Genius and courage
If the framers of the United States Constitution could have lived to see the events of last week, they would be congratulating themselves on a job well done.
Supreme Court Justice Anthony Kennedy led a 5-4 majority to rule in the case of Citizens United v. FEC that the First Amendment does not permit a law that criminalizes campaign ads paid for by corporations and similar groups.
Justice Kennedy wrote that the law in question, the Bipartisan Campaign Reform Act of 2002 (also known as the McCain-Feingold Act), was having a "chilling effect" on political speech. The law and the regulations following from it were so complex and uncertain, Justice Kennedy wrote, that they amounted to a prior restraint on speech. "A speaker wishing to avoid criminal liability threats and the heavy costs of defending against FEC enforcement must ask a governmental agency for prior permission to speak," he wrote, exactly the sort of government power "that the First Amendment was drawn to prohibit."
The people who currently hold government power reacted to this decision with extraordinary hostility.
"This week, the United States Supreme Court handed a huge victory to the special interests and their lobbyists – and a powerful blow to our efforts to rein in corporate influence," President Barack Obama intoned in his weekly radio/Internet address. "This ruling strikes at our democracy itself," he said, "I can't think of anything more devastating to the public interest."
Over in the House of Representatives, Speaker Nancy Pelosi said the decision will allow "special-interest dollars to dictate the details of public policy."
On the other side of the Capitol, Senator Chuck Schumer said he will hold hearings to look for a way to get around the Supreme Court's decision.
Speaker Pelosi said she's looking at "legislative options available to mitigate the impact of this disappointing decision."

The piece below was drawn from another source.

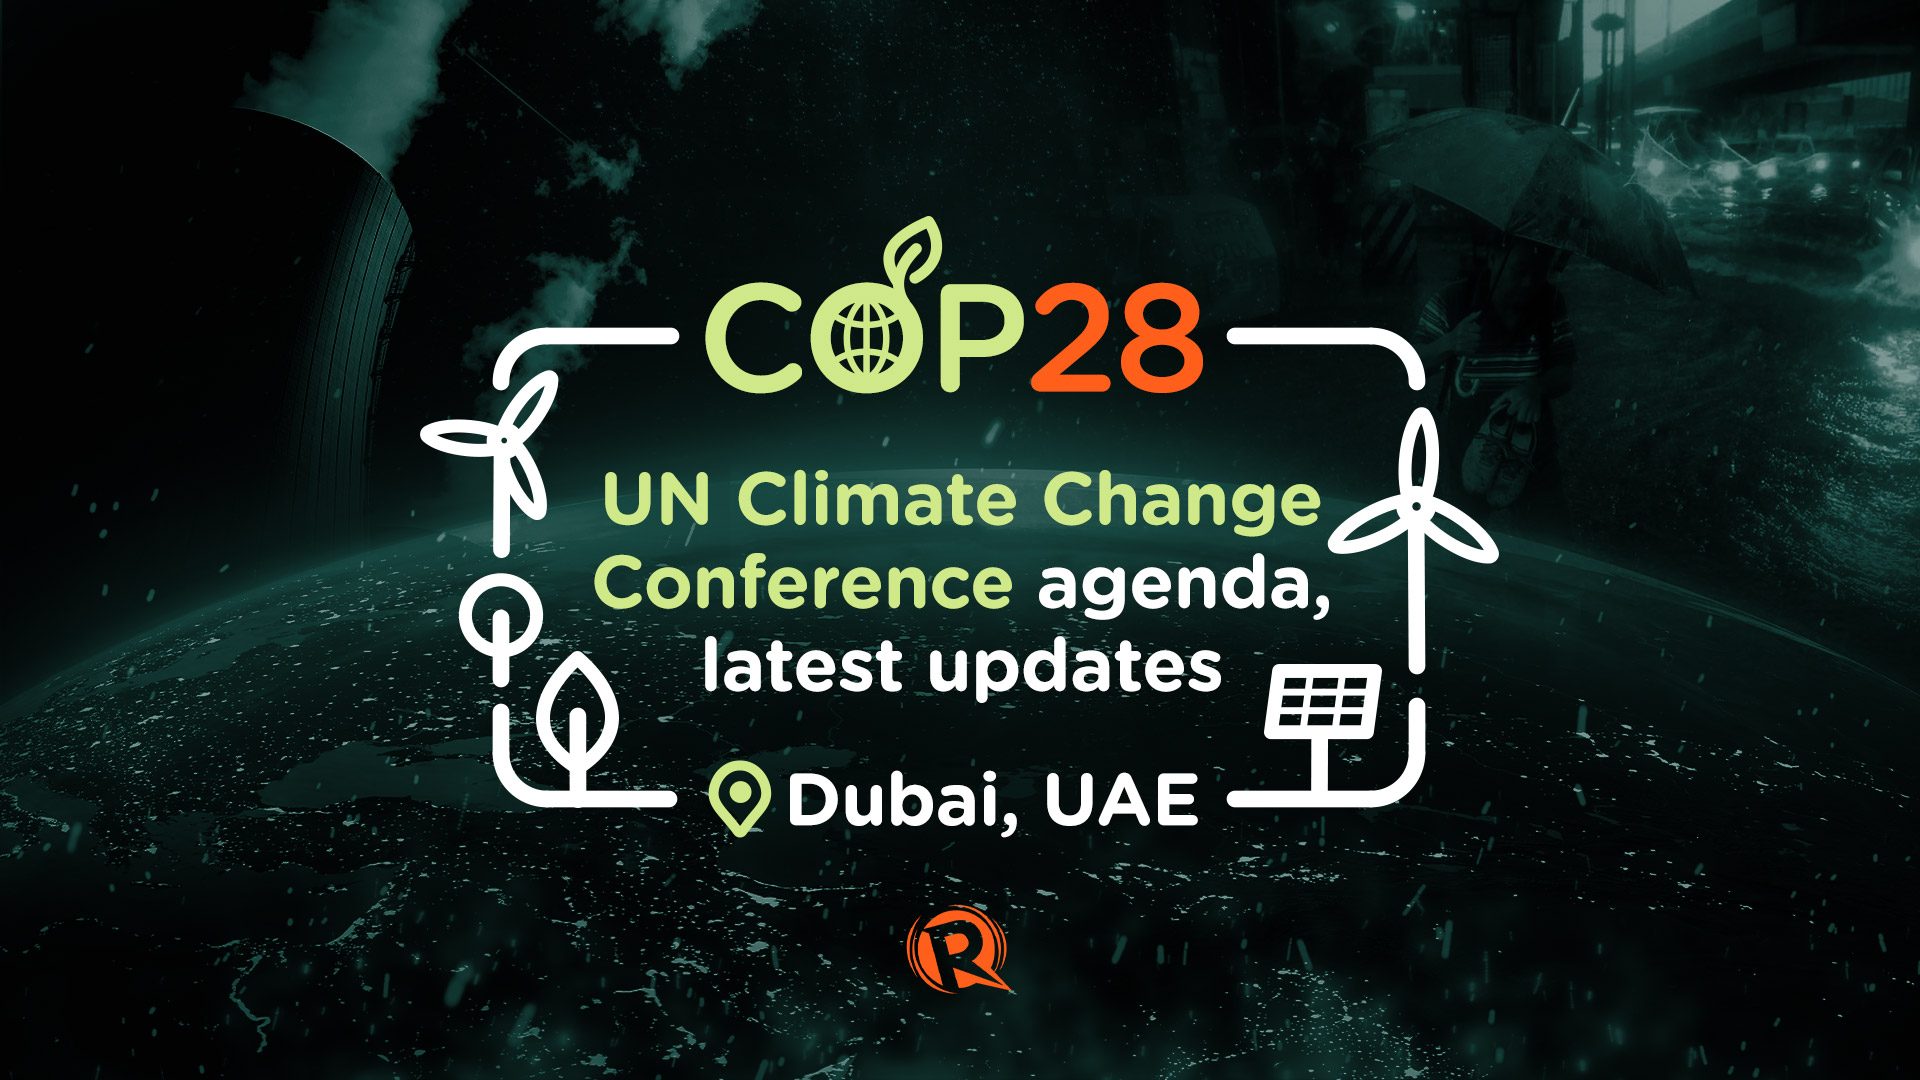 COP28: UN Climate Change Conference agenda, latest updates

And President Obama said he has "instructed" his administration "to develop a forceful, bipartisan response to this decision."
The president was so angry at the Supreme Court that he lashed out at the the justices during his State of the Union address, accusing them to their faces of believing that "American elections should be bankrolled by America’s most powerful interests, or worse, by foreign entities." He said he was "urging Democrats and Republicans to pass a bill that helps to correct some of these problems." [That was milder than his written speech, which read, "to pass a bill that helps to right this wrong."]

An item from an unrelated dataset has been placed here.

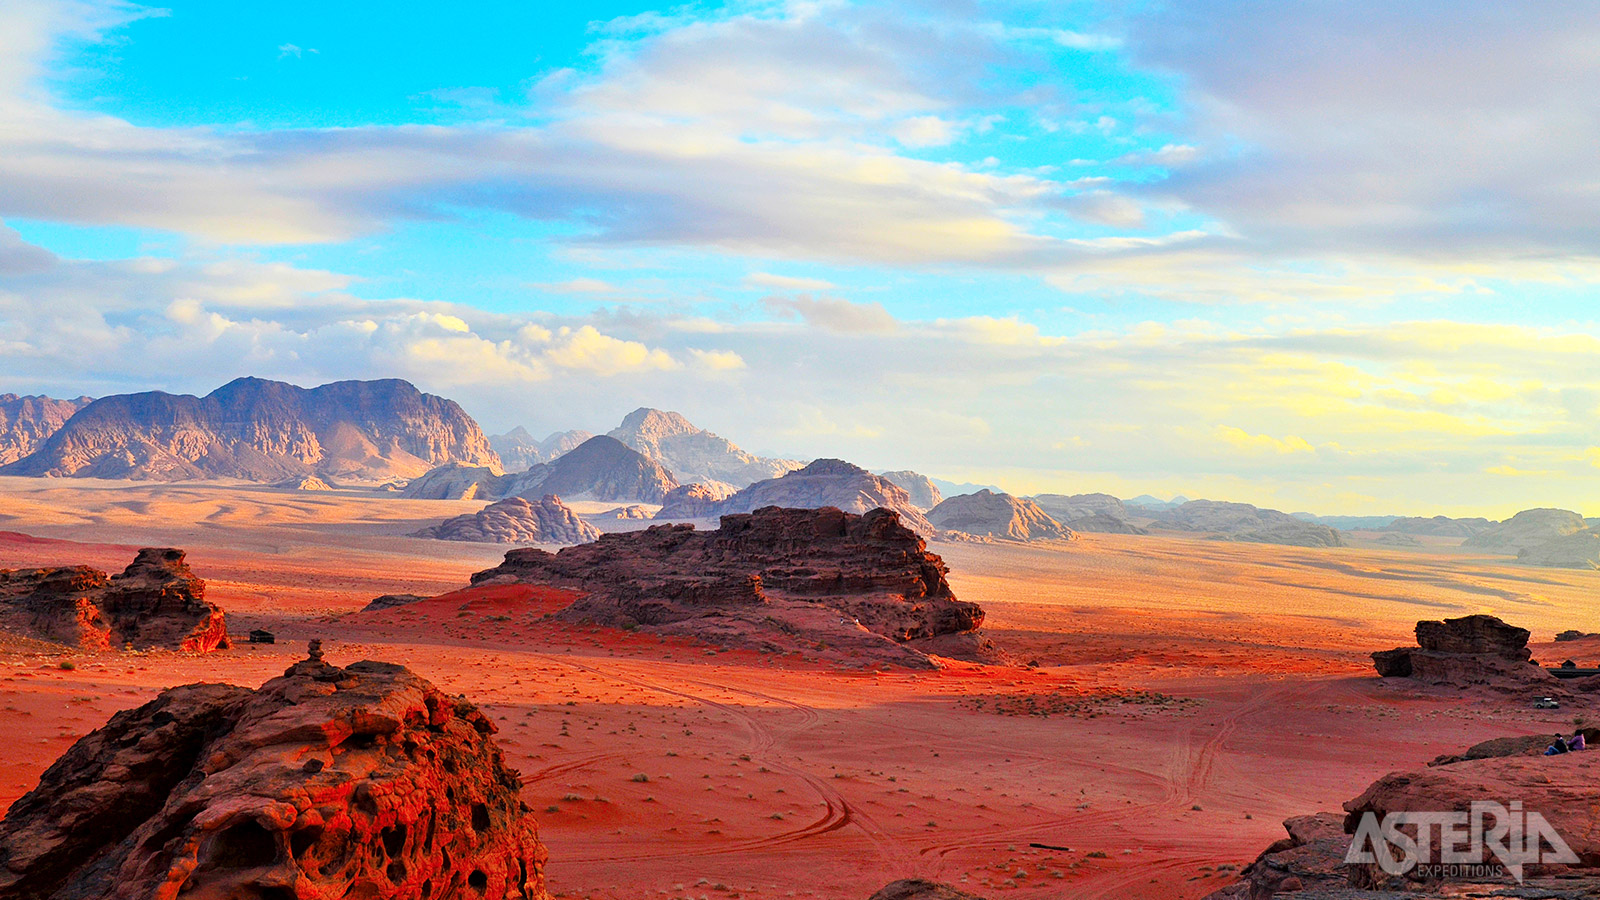 Treed in de voetsporen van Lawrence of Arabia tijdens een jeeptocht door de woestijn

Of course, the First Amendment can't be overturned by an act of Congress.
It was the genius of the Founders to protect our liberty by dividing and limiting government power. "Ambition must be made to counteract ambition," they wrote in Federalist No. 51, which is titled "The Structure of the Government Must Furnish the Proper Checks and Balances Between the Different Departments."
It was published in 1788, but it's still in what book dealers call "very good" condition.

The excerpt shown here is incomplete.